Most disturbing of all I’ve noticed these Tik Tok videos where a person is asking employees at a car dealership how much their car payments are and usually the response is over $1000? Dont get fooled as this tactic is targeted at young people to normalize outrageous payments.
So what do consumers need to do when shopping for a new vehicle? Nathan-Paul has come up with some tips to help you on your journey for a new car.
DO I REALLY NEED TO BUY NEW?
It may be wiser to choose used cars if cost is your first priority. Even though they’re only a year or two old, they’re still much less expensive than the same models bought brand-new. This is a result of depreciation, which is the pace at which an automobile loses value over time. There is a widespread misconception that an automobile loses roughly 10% of its value the moment it is driven off the lot. That value may drop by an additional 10% over the first year. A vehicle’s value could drop by more than 30% by the third year!

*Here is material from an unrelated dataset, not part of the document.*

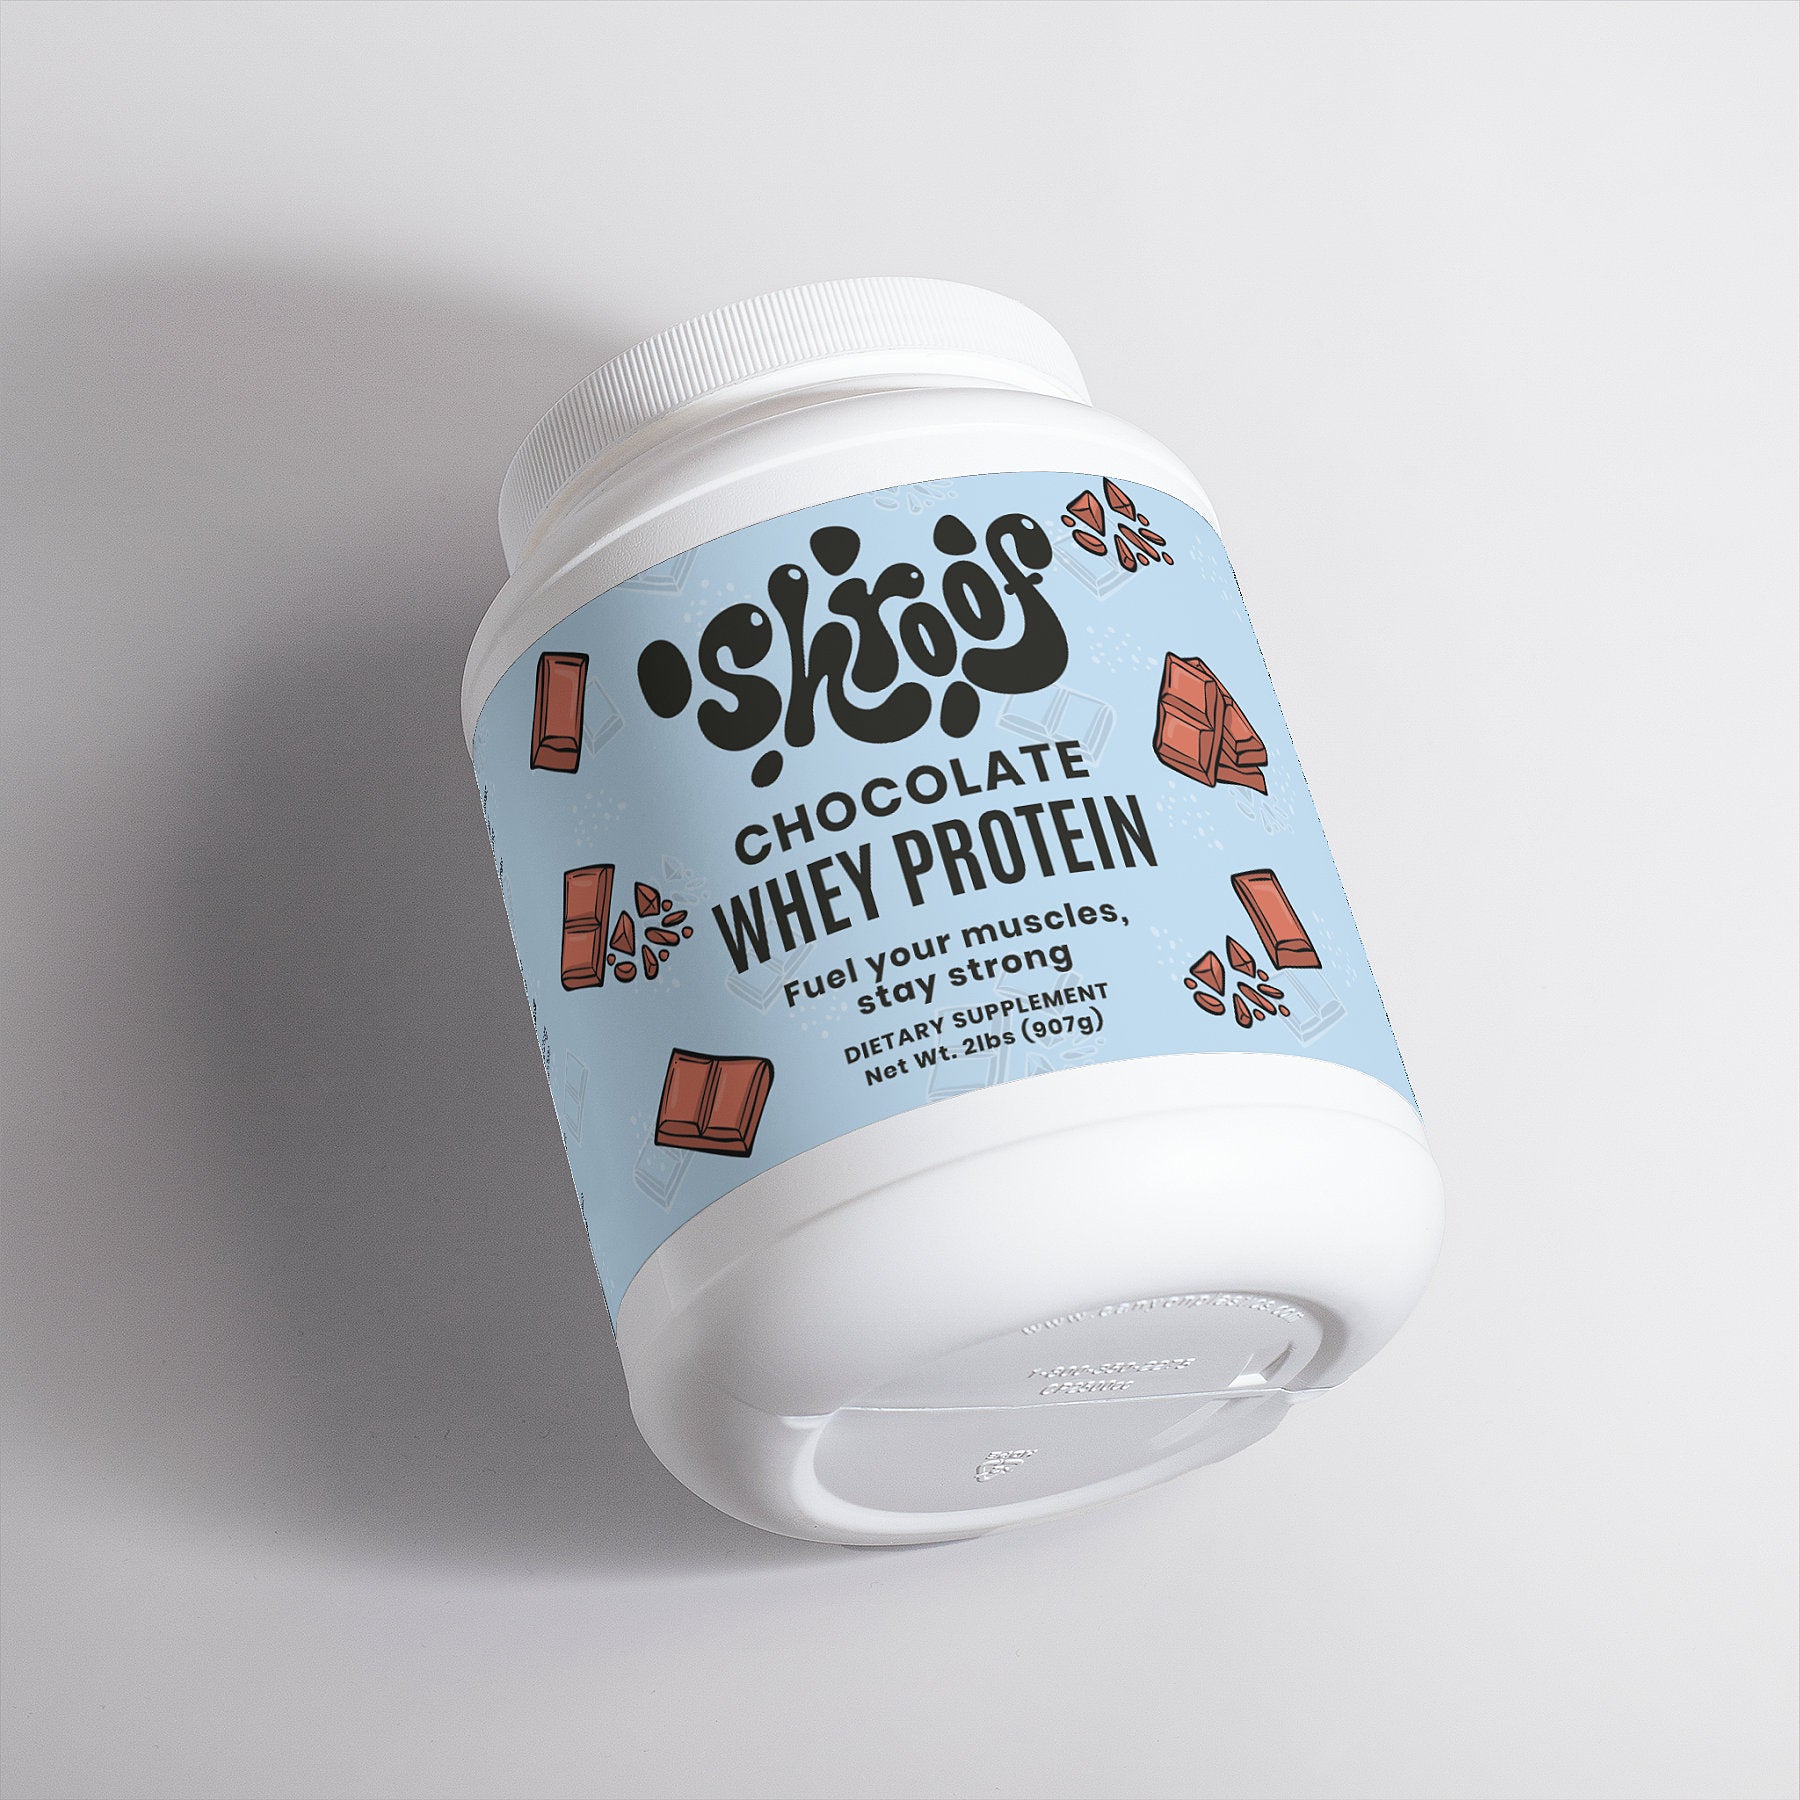 Whey Protein (Chocolate) - Shroof

However, the depreciation slows considerably after that. Therefore, if you get a car that is three years old or older and maintain it well, you should be able to sell it for a respectable amount in the future.

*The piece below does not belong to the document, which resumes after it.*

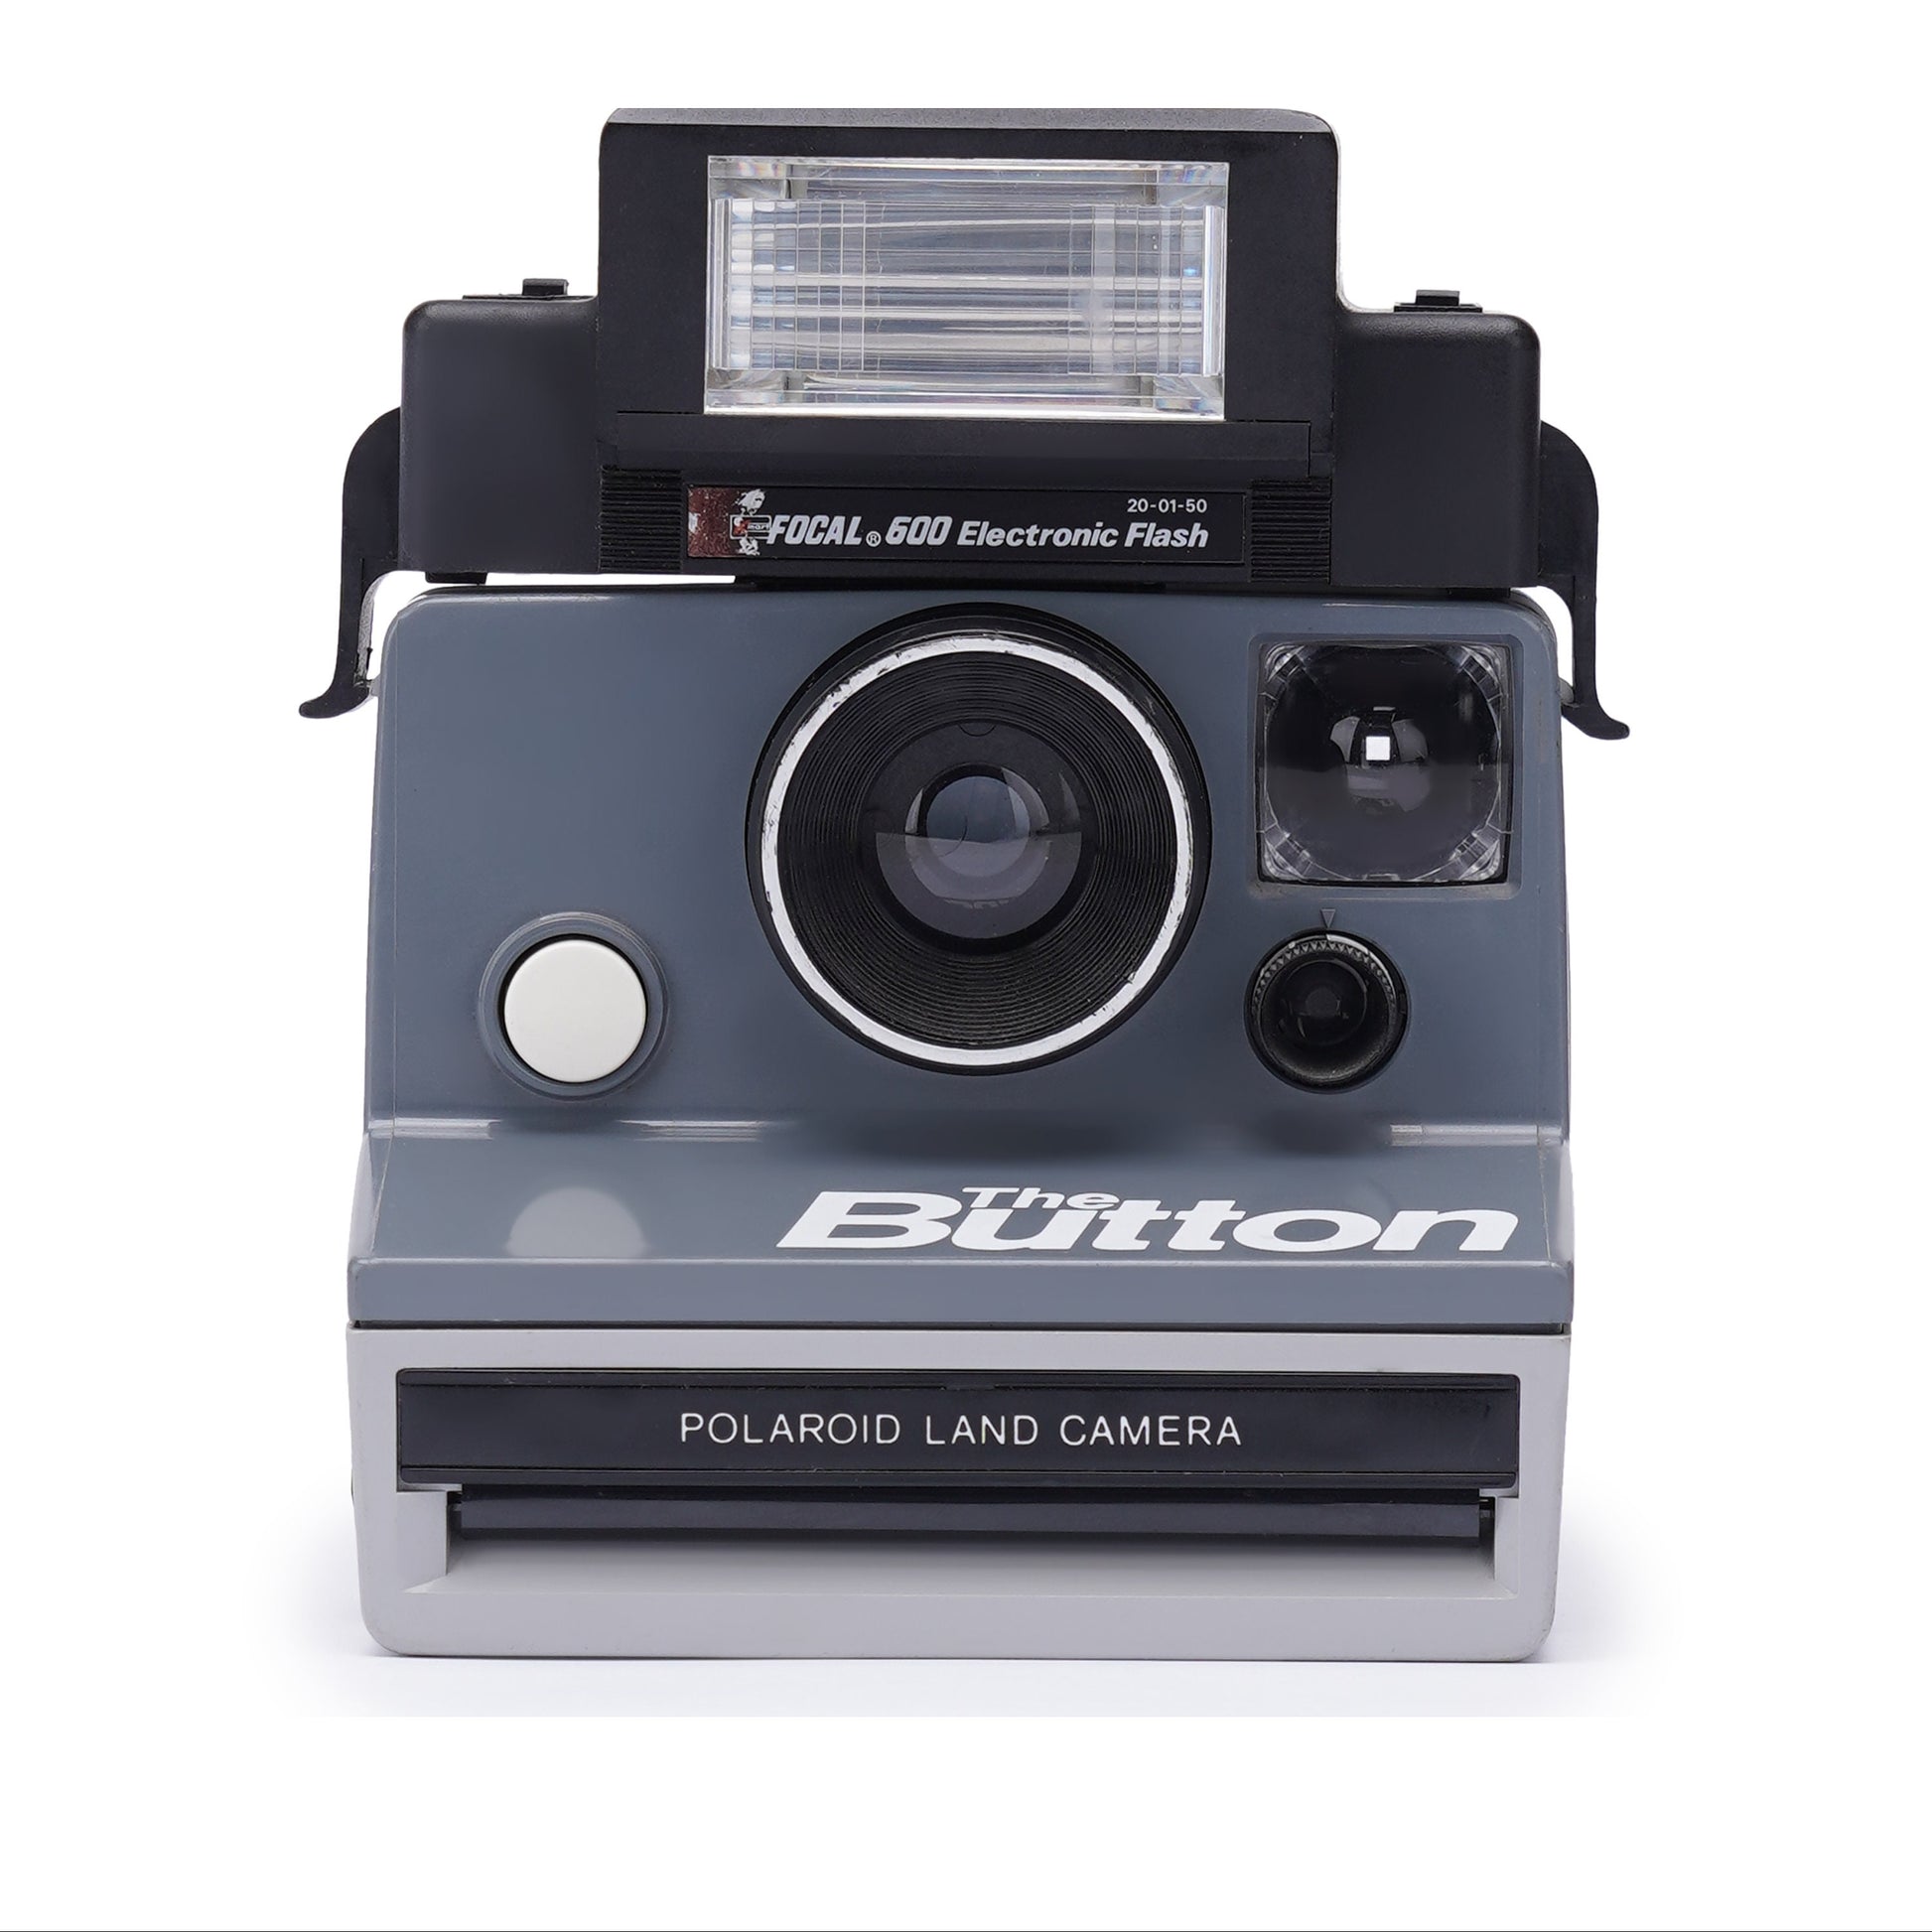 The Button Polaroid Land Camera

SHOULD I HAVE A DOWN PAYMENT?
While most dealerships don’t demand one, it is advised to put down 20% of the vehicle’s purchase price in order to avoid going into default on your loan, increase your chances of getting a lower interest rate, lower monthly payments, and, most importantly, save money overall.
HOW MUCH CAR CAN I AFFORD?
Many financial experts suggest that spending 10% – 15% of your monthly gross income on a car and no more than 20% if you include gas and car maintenance. These numbers may be hard to attain as average car prices and rates rise. Another rule you may have heard about is 20/4/10 rule which is 20% down payment, car loan of 4 years, and 10% of your net income.

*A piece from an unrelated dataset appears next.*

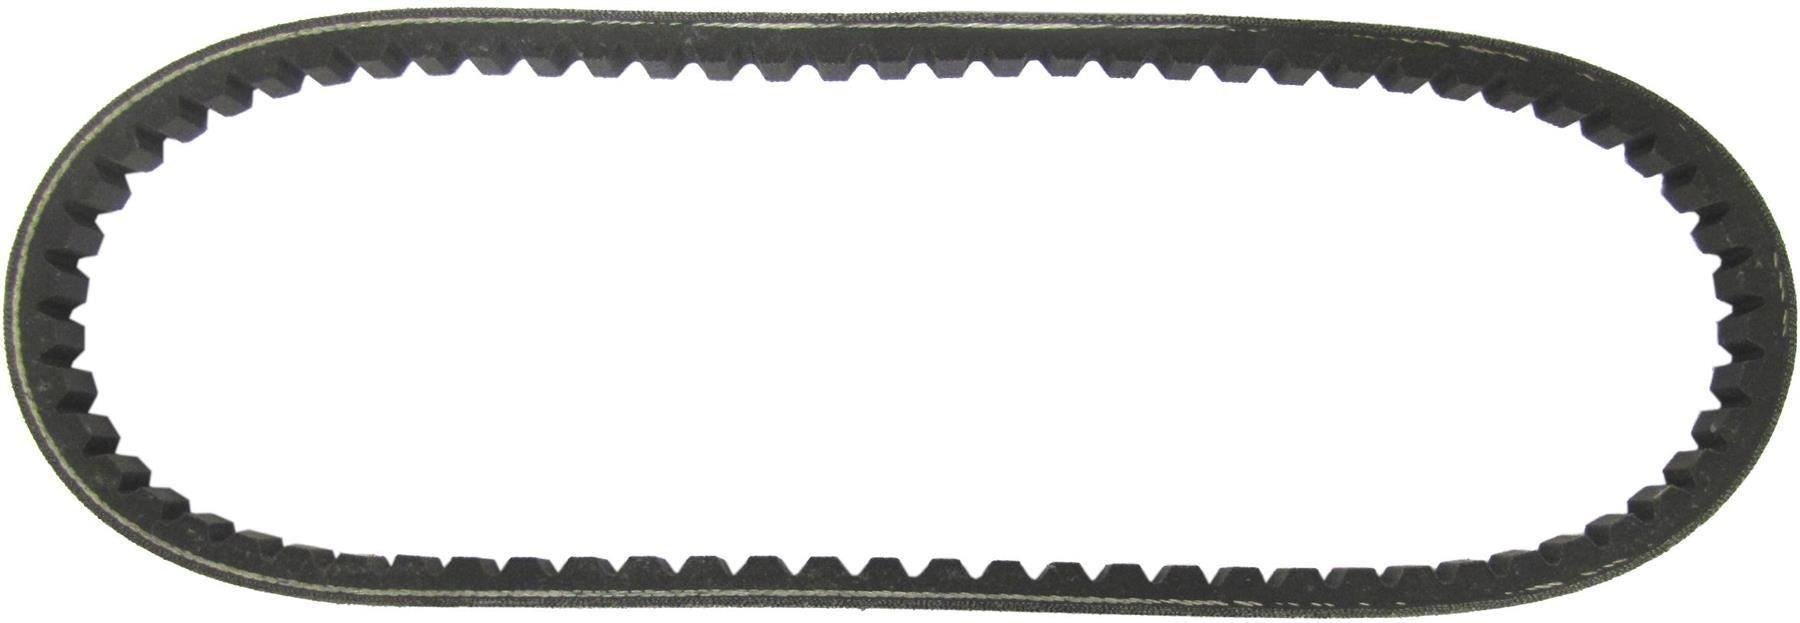 Vespa S 50 2007-1968 Drive Belt

Your ability to borrow money for a vehicle loan can be ascertained by using an automobile affordability calculator, which considers variables such as interest rate, credit score, and length of loan. Car affordability calculators can help you determine a desired automobile purchase price and give you a better idea of your financing capacity.
DON’T FORGET ABOUT INSURANCE
Before making a purchase, obtain insurance quotes to find out how much your policy would cost. You may conclude that the vehicle you are considering is too costly to insure. It is preferable to be aware of this before purchasing the car.
TOTAL COST OF BUYING A NEW CAR
When buying a new car you must calculate the total cost of ownership throughout the course of your intended vehicle ownership in order to completely comprehend the financial commitment. Depreciation, insurance, upkeep, fuel, car protection programs, and any loan interest are all included in this. You can get important insights from websites and programs that estimate the costs, enabling you to make a well-informed choice that takes the long-term financial effects into account.